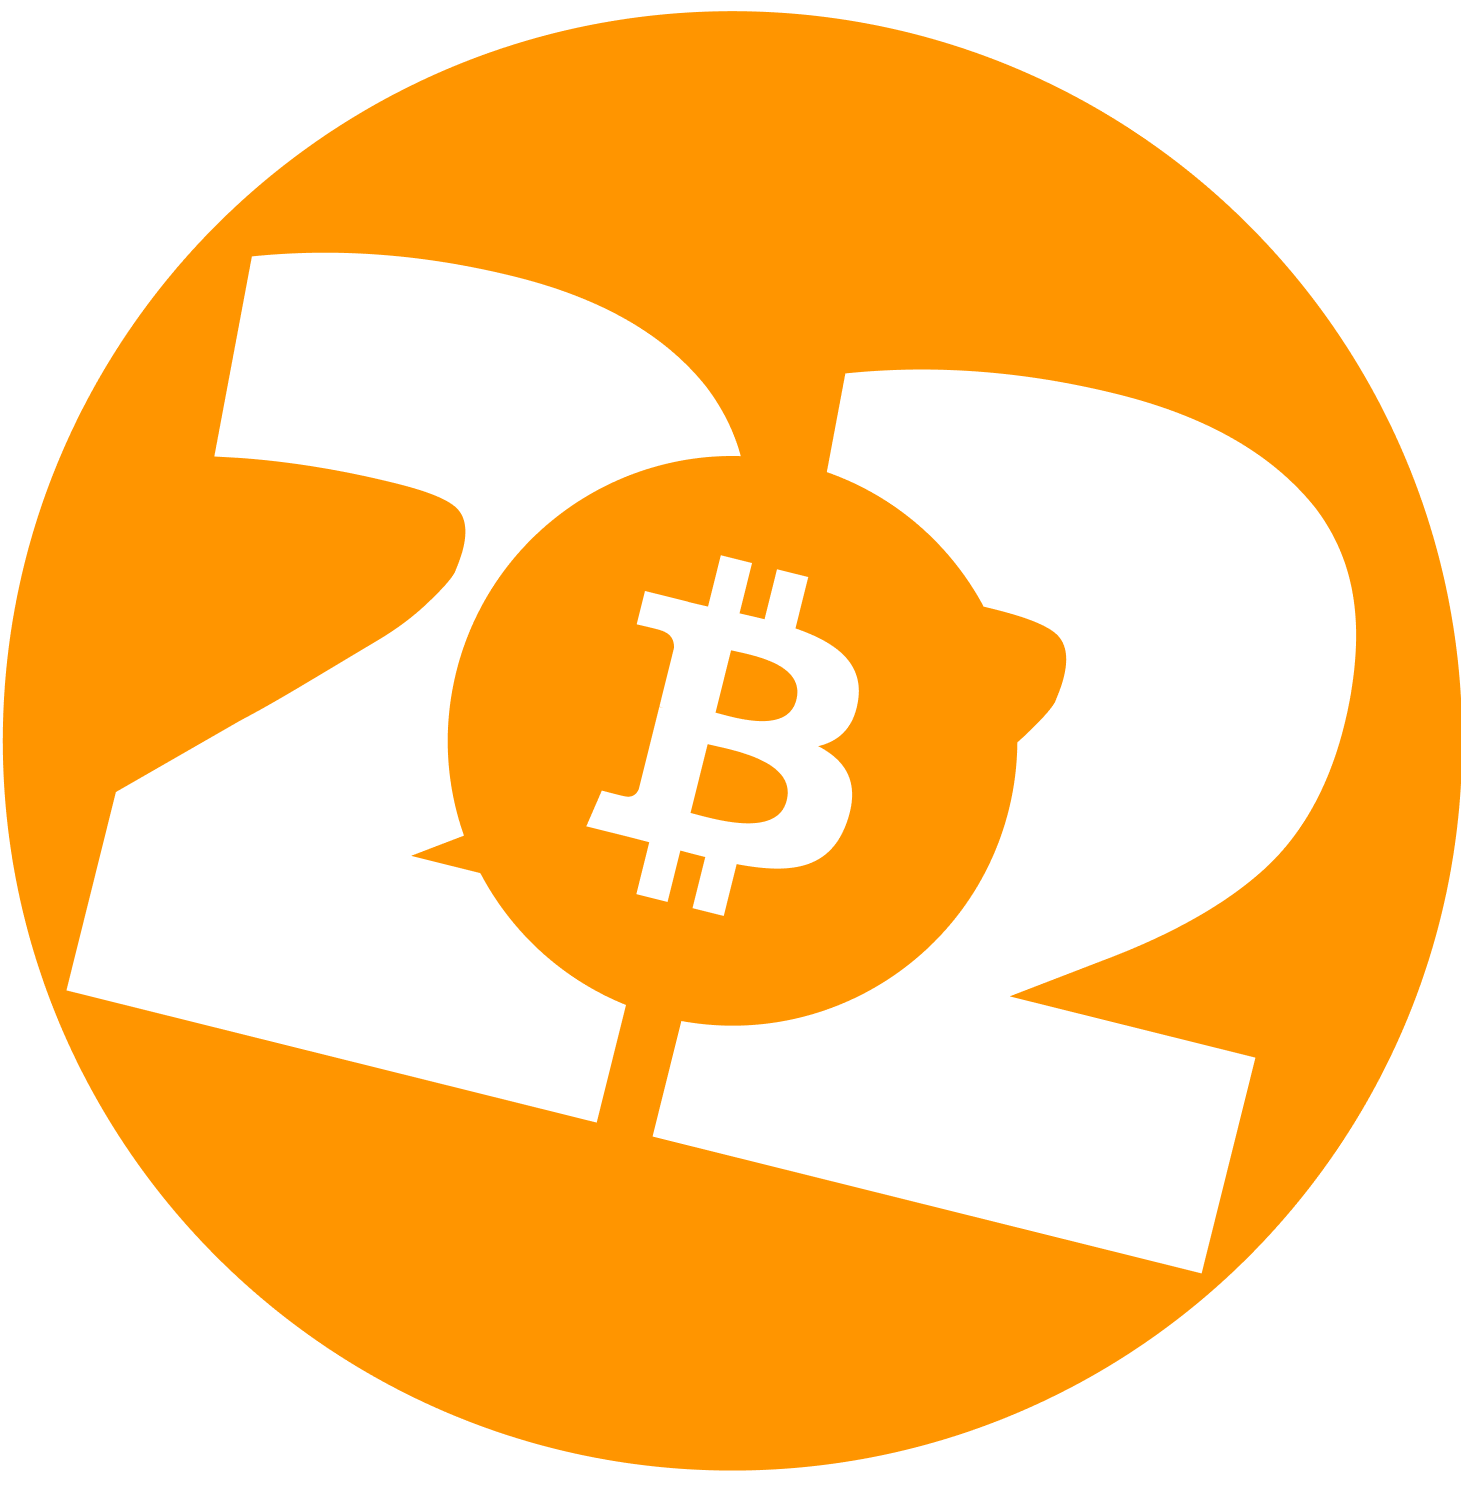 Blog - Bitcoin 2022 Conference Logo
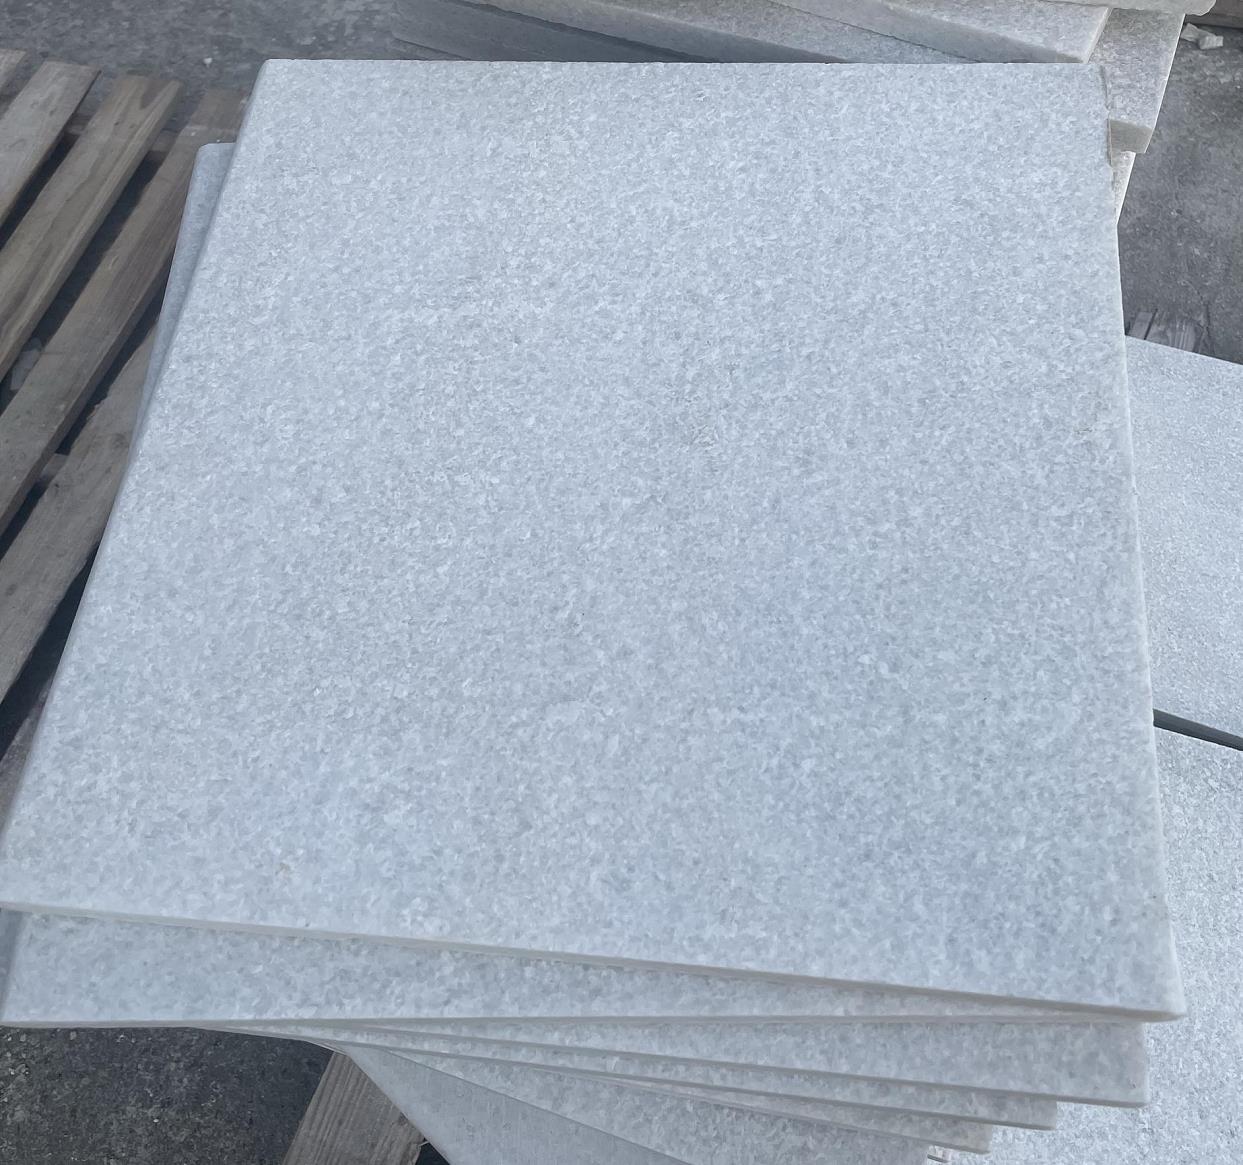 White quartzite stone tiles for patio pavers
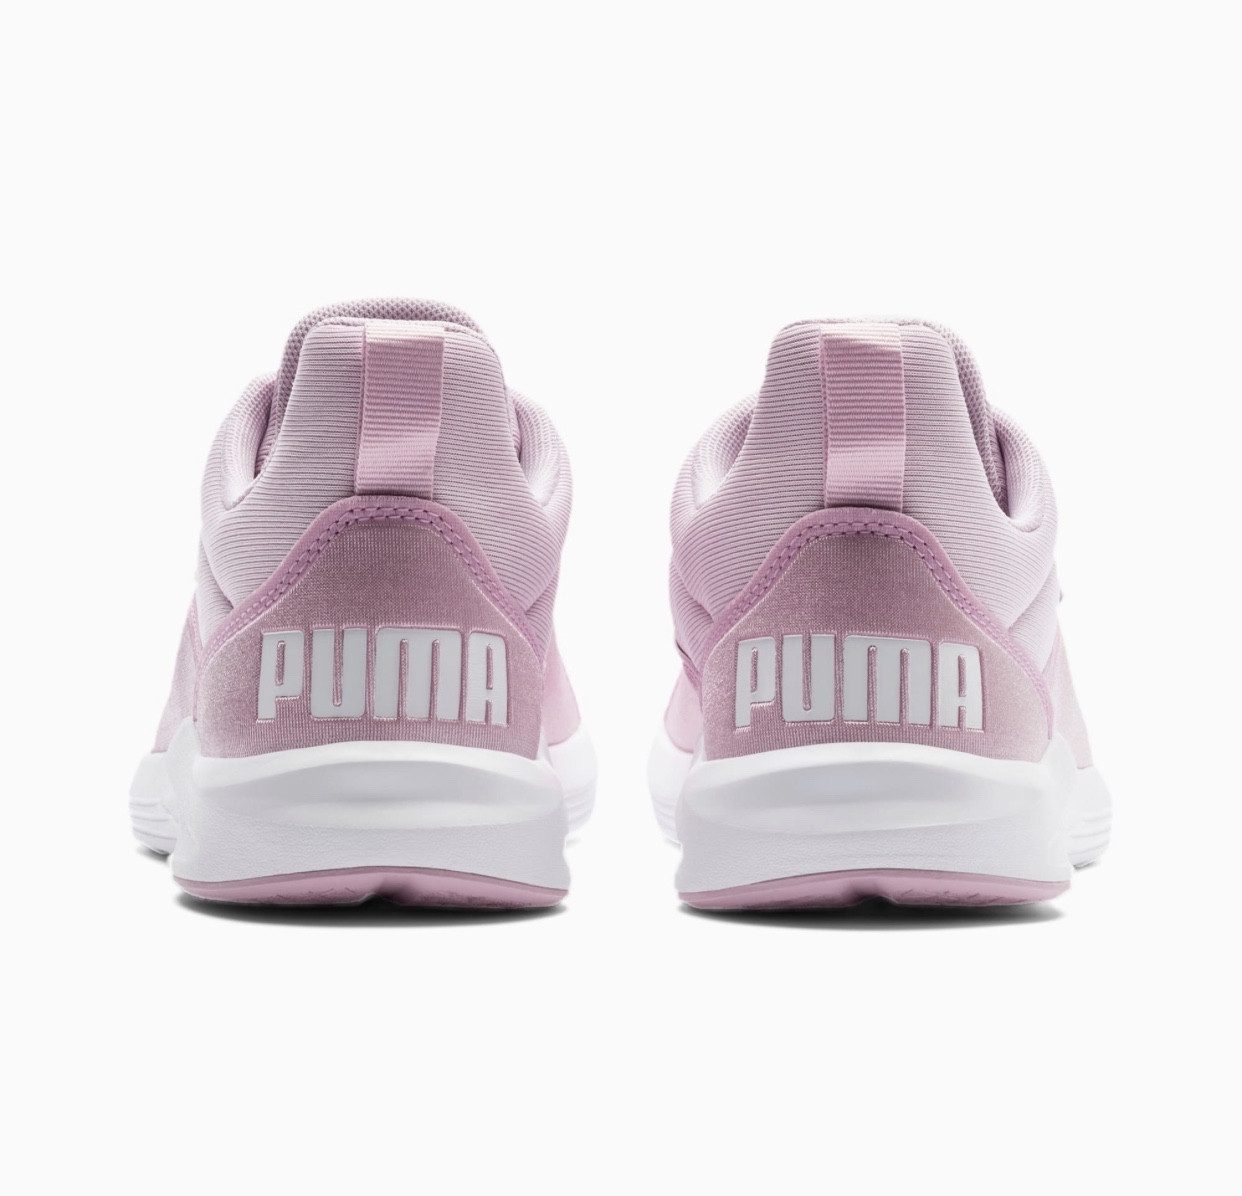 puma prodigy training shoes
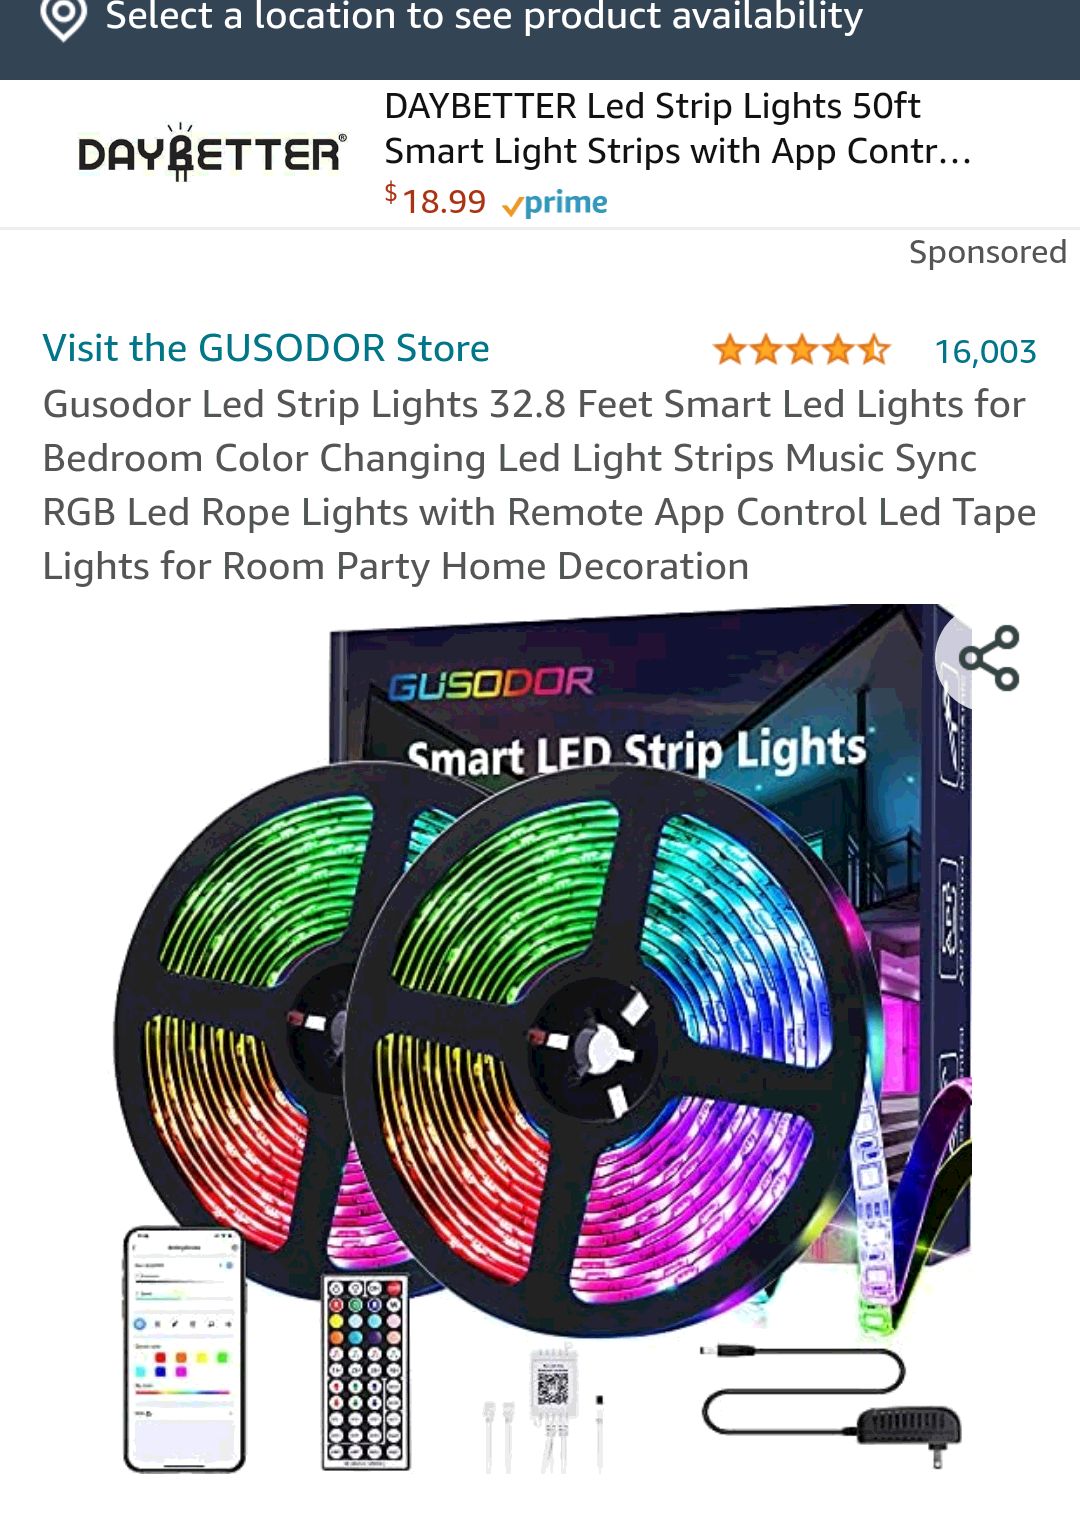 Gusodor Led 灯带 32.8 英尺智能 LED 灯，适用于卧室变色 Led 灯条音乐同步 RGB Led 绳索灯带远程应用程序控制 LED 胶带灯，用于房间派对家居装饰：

────────────────────

● Work item: Transcribe every line from the one containing "White quartzite stone tiles for patio pavers" to the end of the listing, exactly and exclusively. Do not carry any picture over.

● Your response:
 White quartzite stone tiles for patio pavers
 puma prodigy training shoes
 Gusodor Led 灯带 32.8 英尺智能 LED 灯，适用于卧室变色 Led 灯条音乐同步 RGB Led 绳索灯带远程应用程序控制 LED 胶带灯，用于房间派对家居装饰：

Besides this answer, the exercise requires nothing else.